To istotne, bo sprzęt towarzyszący przy tak ostatnio modnym wychodzeniu „ze strefy własnego komfortu” wcale nie musi i nie powinien być niewygodny. NAO RL jest zbudowana podobnie co jej poprzedniczka NAO+, ale z istotną różnicą. Przede wszystkim waży 145 gramów (ewenement na rynku wśród czołówek o podobnych osiągach) i jest perfekcyjnie wyważona. Brak tu uczucia ucisku czoła plastikowymi częściami. Całość zbudowana jest na gumkach, które da się sprawnie wyregulować nie tylko na głowie, ale też kaskach. Zakładałem ją na trzy kaski narciarskie i dwa rowerowe bez zarzutu. To samo dotyczy przedniej lampy. Jej zakres regulacji jest duży i płynny. Do łatwości korzystania trzeba dodać tylko dwa przyciski. Jeden z tyłu na akumulatorze włącza tylne, czerwone światło oraz pokazuje stan baterii: pięć wskaźników, każdy pokazujący 20% stanu naładowania. Drugi przycisk znajduje się pod główną lampą, wystarczająco duży, by trafić na niego w ruchu i średniej grubości rękawiczce służy do włączenia światła i zmiany programów po jednym kliku. Dłuższe przetrzymanie zmienia tryb z docelowego RL na światło stałe na tym samym programie, a przyciśnięcie go przez pięć sekund blokuje czołówkę przed przypadkowym włączeniem. Proste.
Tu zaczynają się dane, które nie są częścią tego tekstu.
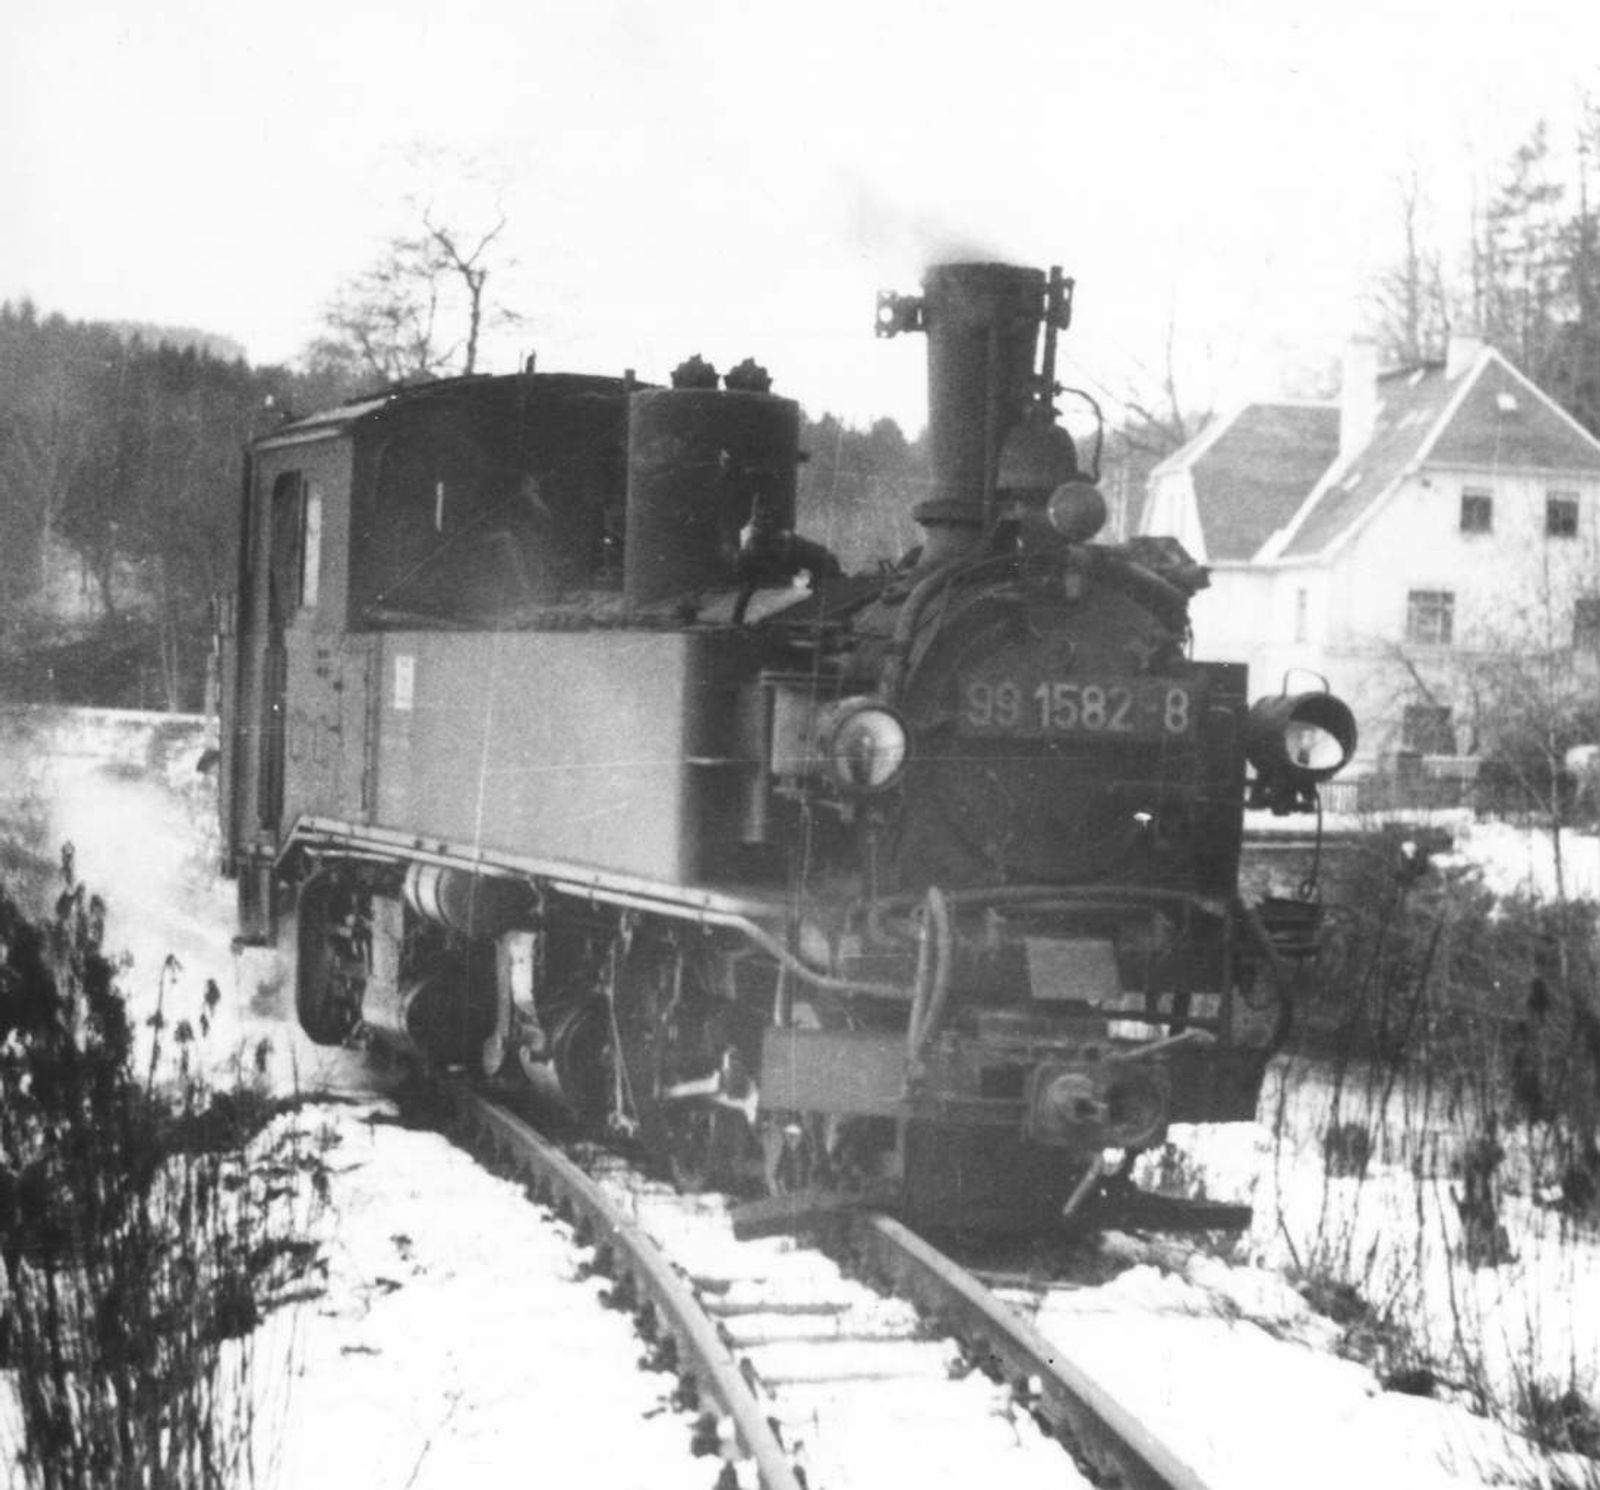 Entgleiste Lok 99 1582-8 bei Streckewalde.
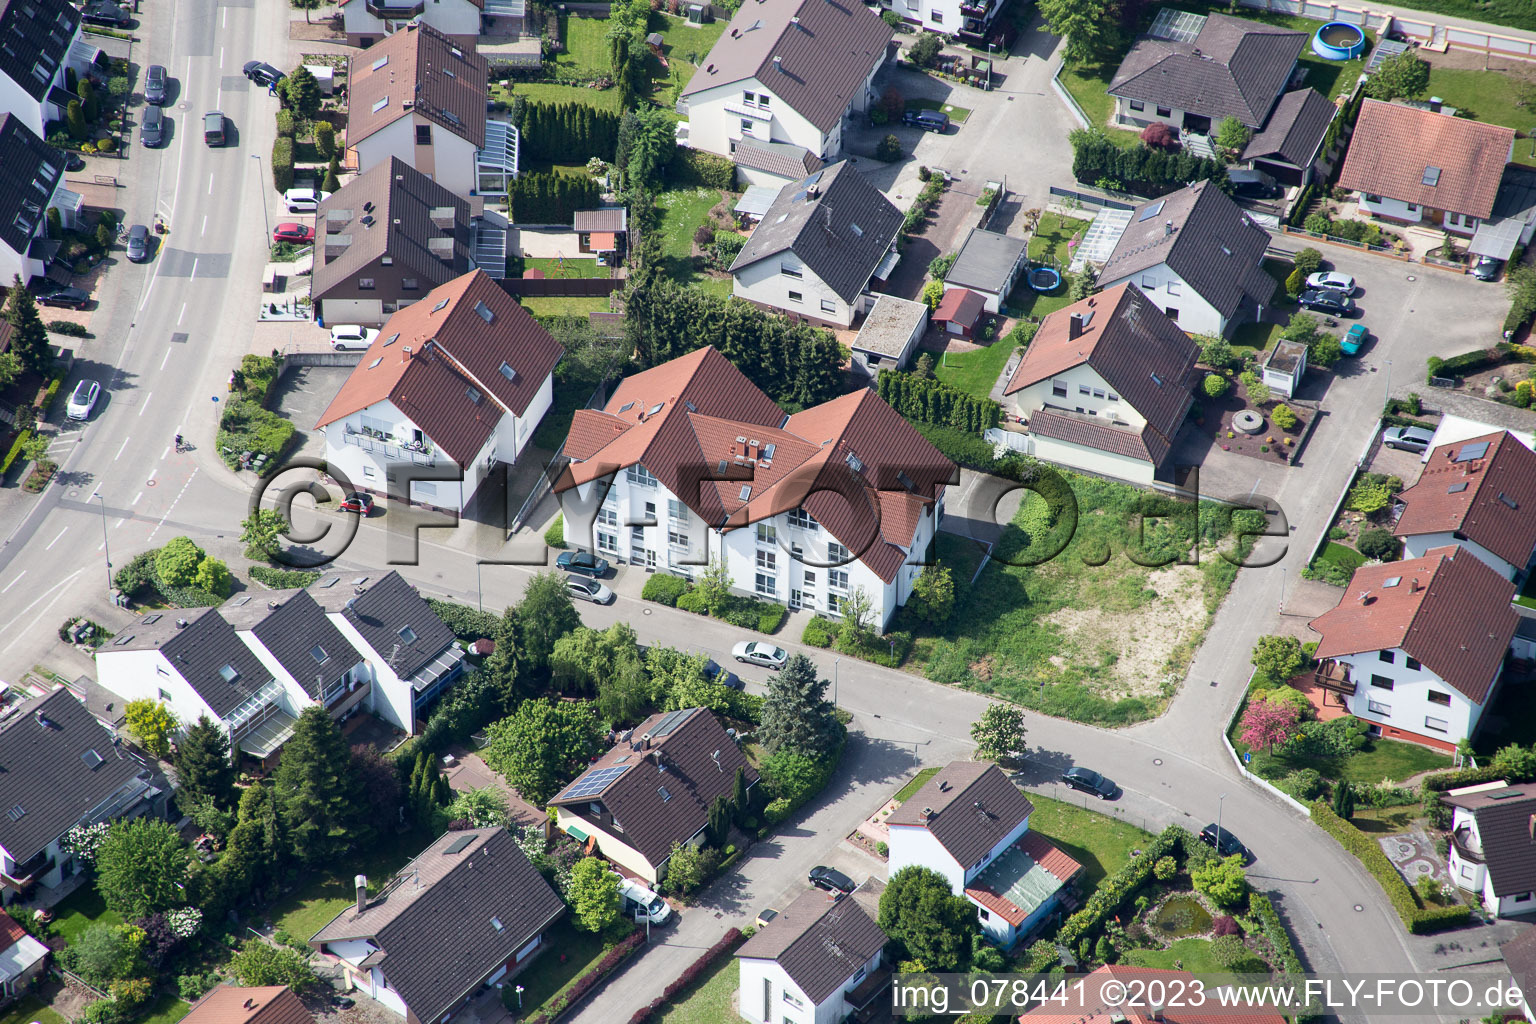 Hagenbach im Bundesland Rheinland-Pfalz, Deutschland von oben gesehen

zdjęcie: Materiały Petzl / François D'Haene

Mówiąc dalej o baterii, trzeba oczywiście wspomnieć o ładowaniu, bo tu Petzl też przyszykował atrakcję. Jej pojemność to 3200mAh ładowana i podłączona do lampy przez USB-C. Dzięki temu sama bateria może posłużyć jako awaryjny powerbank do naładowania zegarka lub telefonu. Działa to też w drugą stronę, czyli przy wyczerpaniu baterii czołówkę można podłączyć za pomocą zwykłej przedłużki do zewnętrznego powerbanka (w standardzie USB do doczytania w instrukcji). Nie zadziała wtedy tylne, czerwone światło i oraz tryb RL, ale w sytuacji awaryjnej będziemy mieli światło. Łączny czas ładowania akumulatora to lekko ponad trzy godziny. Istnieje możliwość dokupienia samego akumulatora w cenie 319 zł. Gdyby tego było mało, to cały zestaw przychodzi ze specjalnym pokrowcem, który rozprasza światło i z zapaloną czołówką działa jak… lampka. Cały zestaw sygnowany jest klasą wodoszczelności IPX4.

Czołówka naprawdę zachwyciła mnie swoją funkcjonalnością i uniwersalnością. Jej osiągi, waga i wygoda są naprawdę niespotykane. Sprawdzi się w wielu outdoorowych sytuacjach oraz dłuższym przebywaniu na szlaku, nie tylko podczas samego biegania, dlatego koszt 865 zł (amc.com.pl) jest w pełni uzasadniony, jednak dla wielu osób może być sprzętem zbyt zaawansowanym i w ich przypadku sprawdzą się inne modele z oferty Petzla.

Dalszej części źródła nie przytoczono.